* Instructions to follow
Without changing a word, repeat the data, and include no pictures.

* Collected material
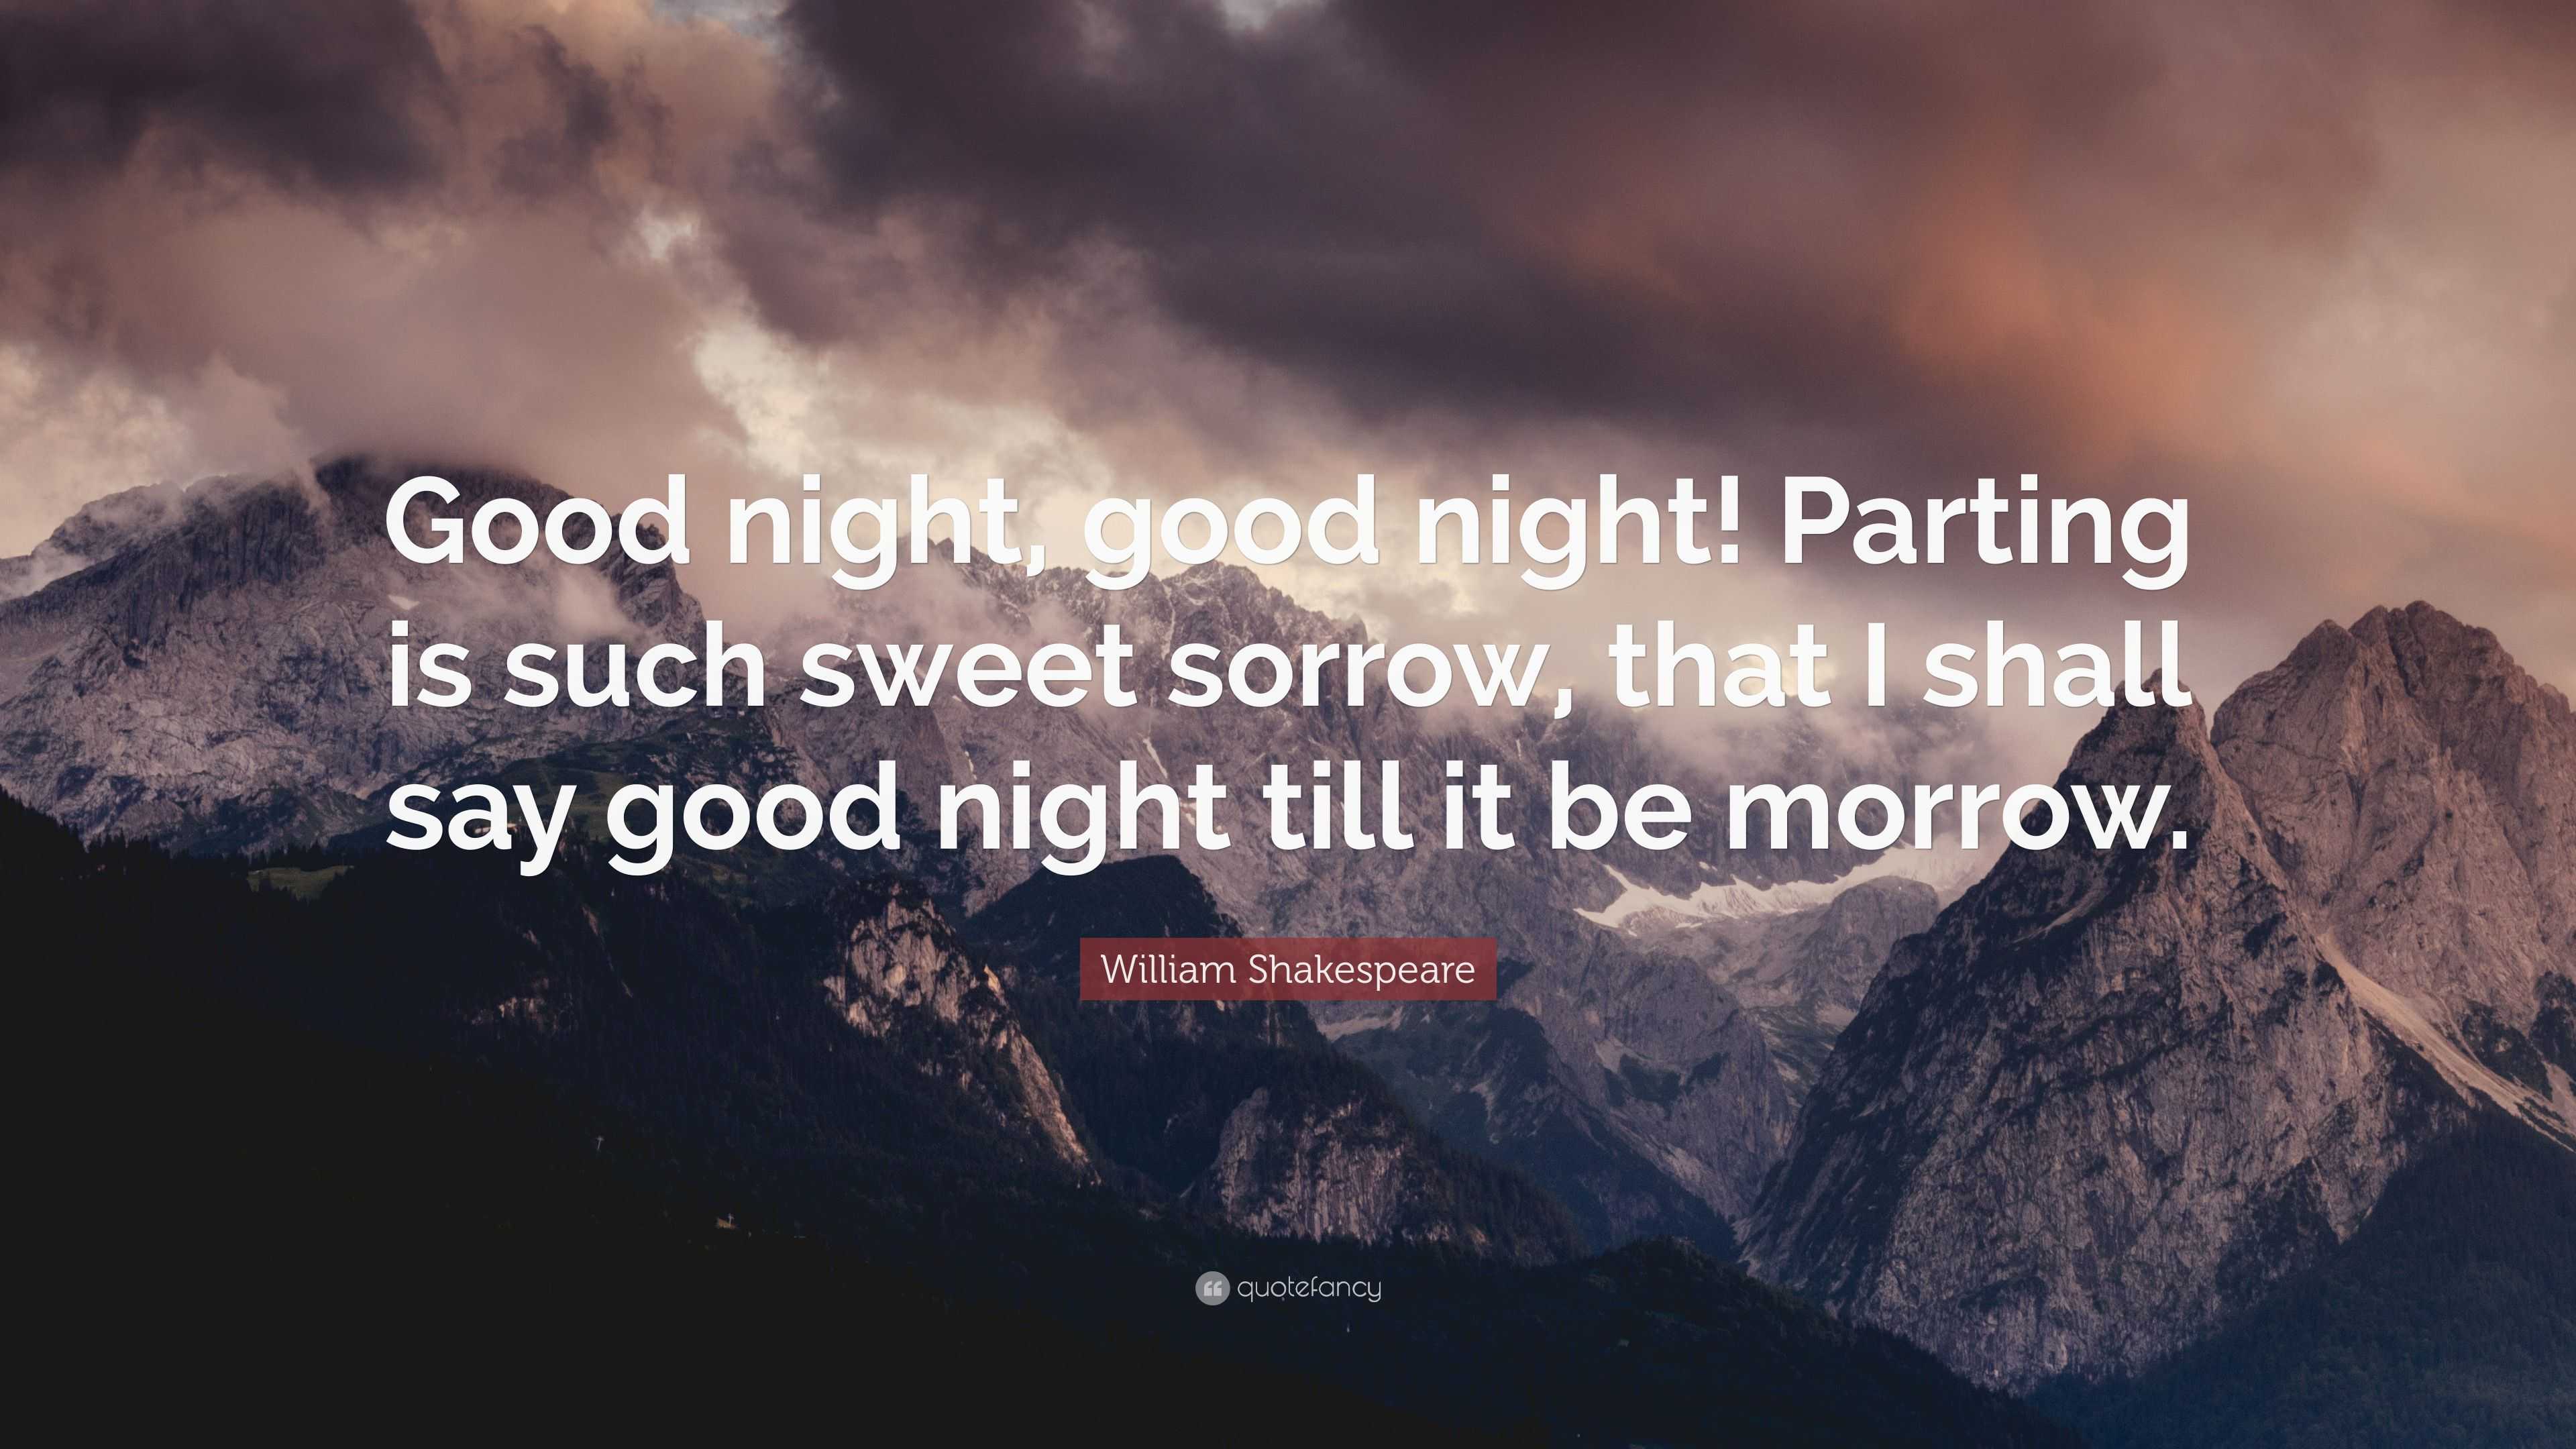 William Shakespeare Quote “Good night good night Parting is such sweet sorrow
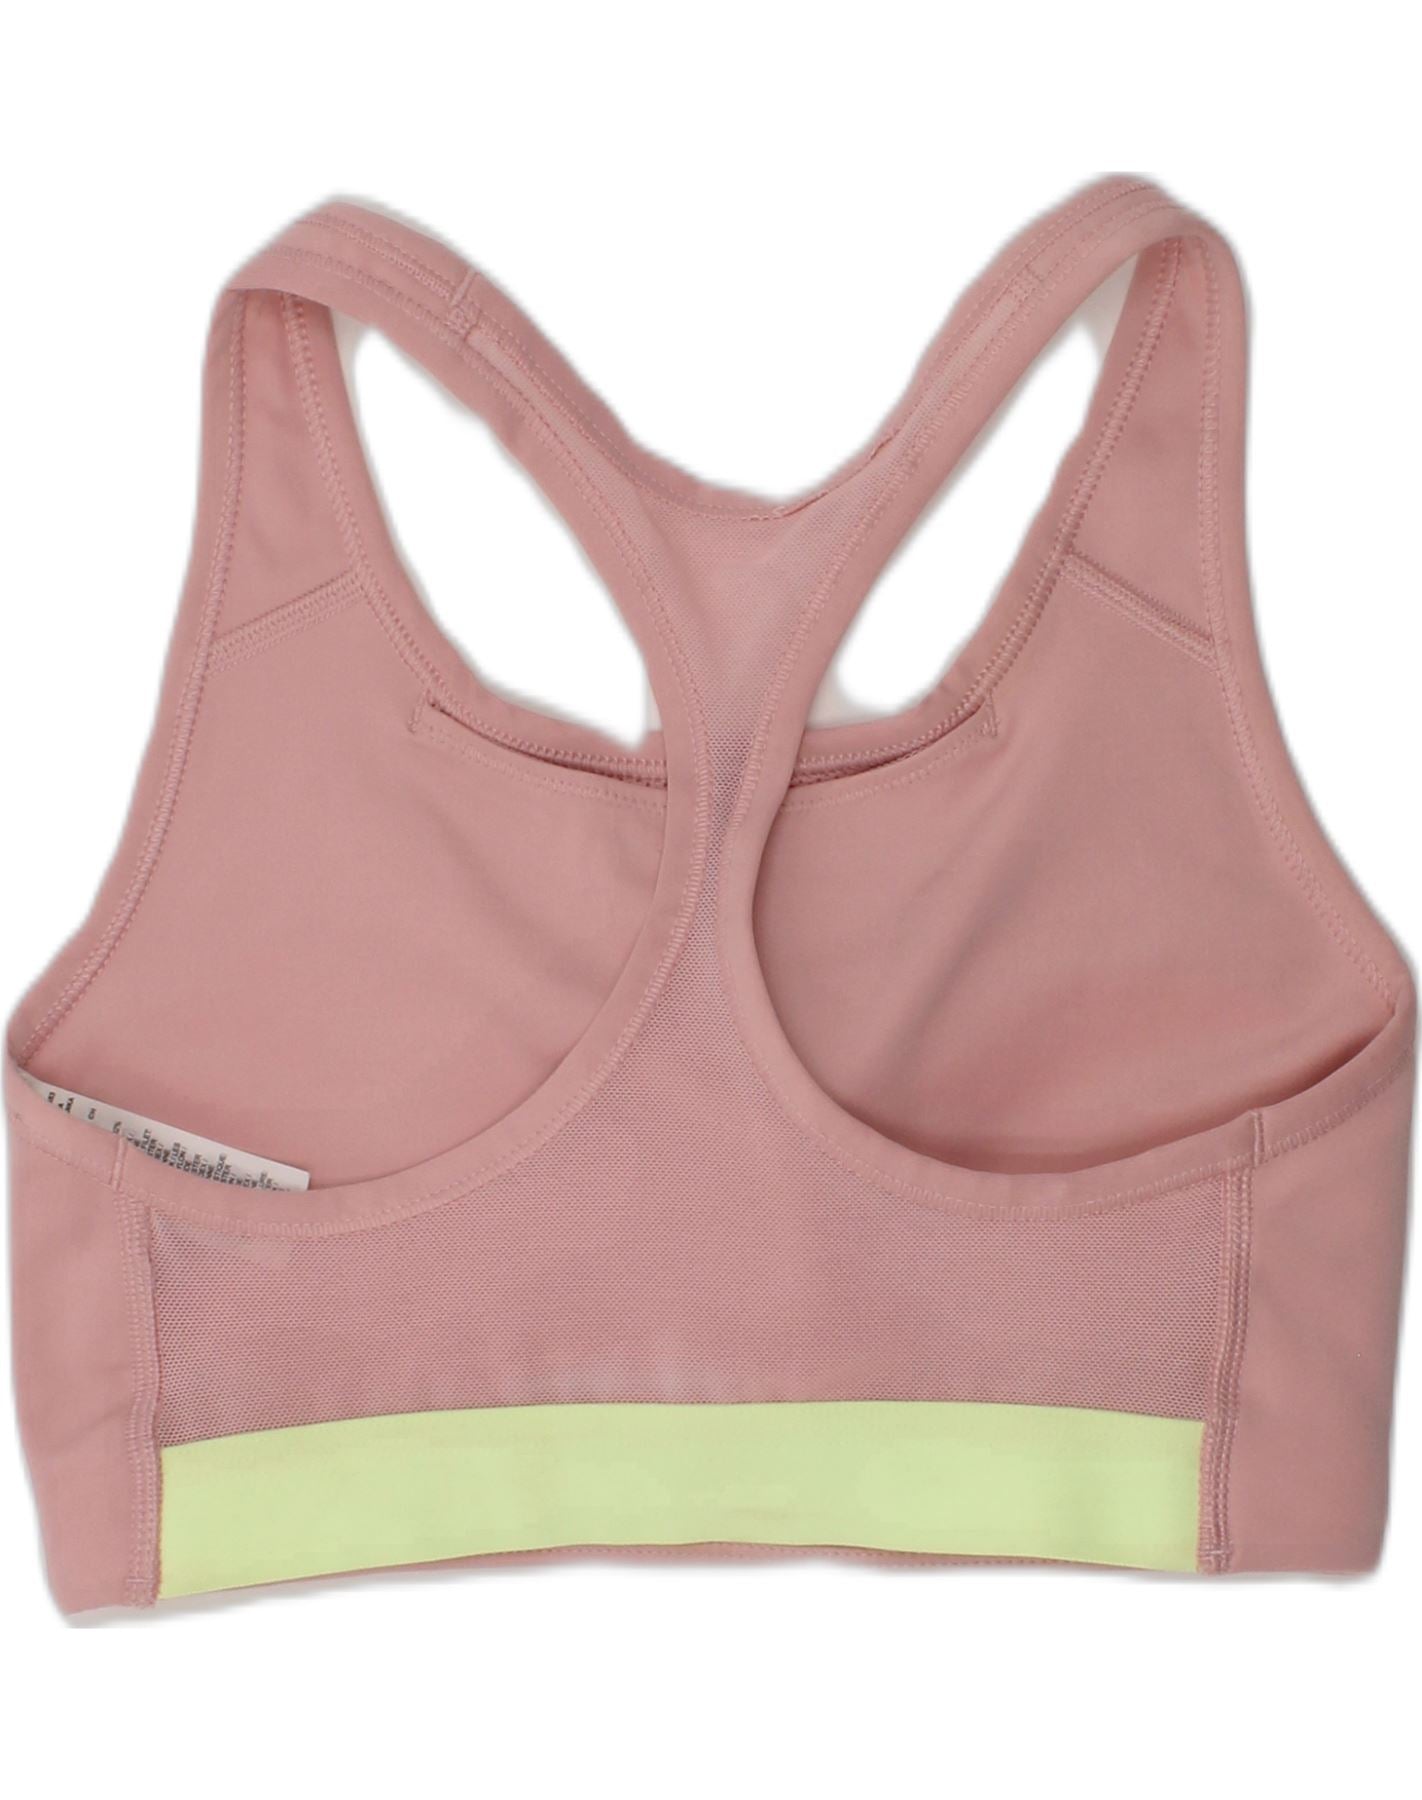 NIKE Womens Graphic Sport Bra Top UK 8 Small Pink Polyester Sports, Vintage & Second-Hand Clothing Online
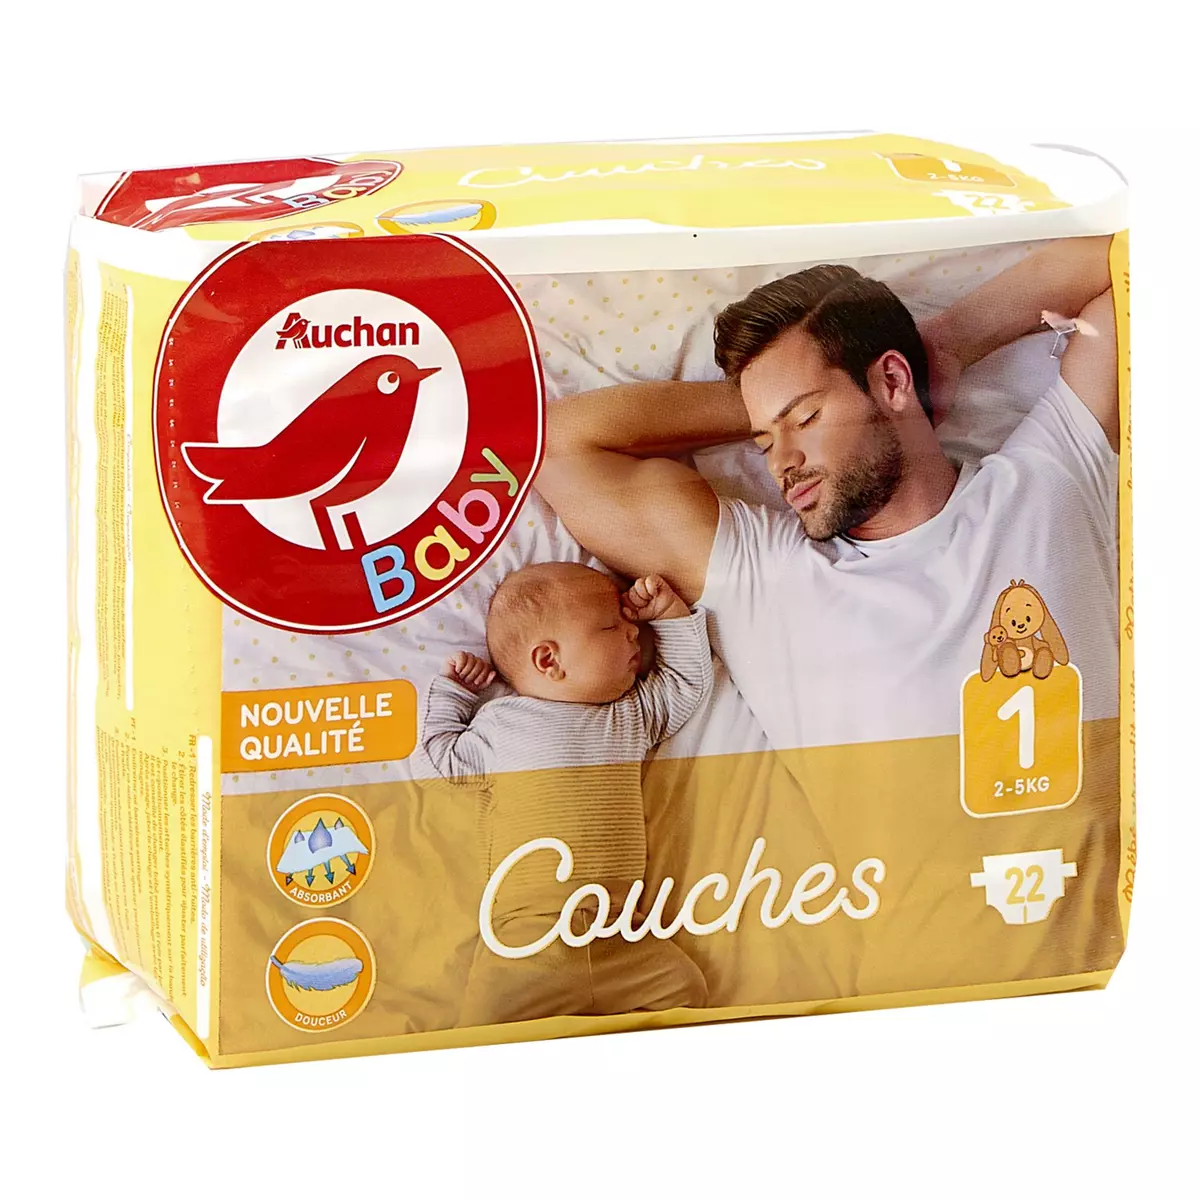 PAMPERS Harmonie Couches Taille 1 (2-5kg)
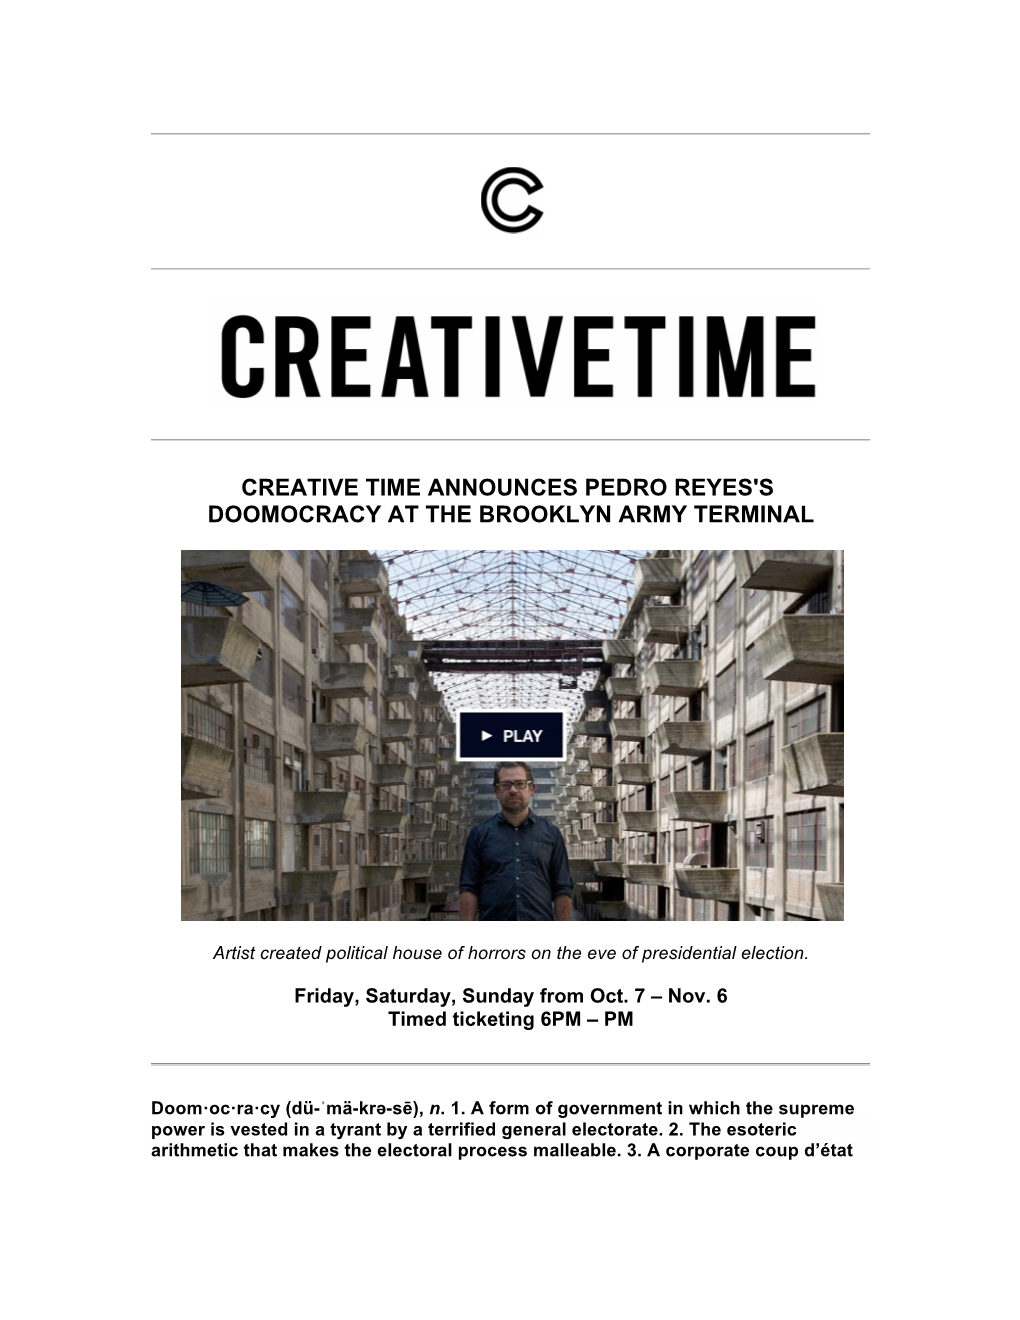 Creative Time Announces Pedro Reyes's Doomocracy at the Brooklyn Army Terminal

* Answer below
 William Shakespeare Quote “Good night good night Parting is such sweet sorrow
 NIKE Womens Graphic Sport Bra Top UK 8 Small Pink Polyester Sports, Vintage & Second-Hand Clothing Online
 PAMPERS Harmonie Couches Taille 1 (2-5kg)
 Creative Time Announces Pedro Reyes's Doomocracy at the Brooklyn Army Terminal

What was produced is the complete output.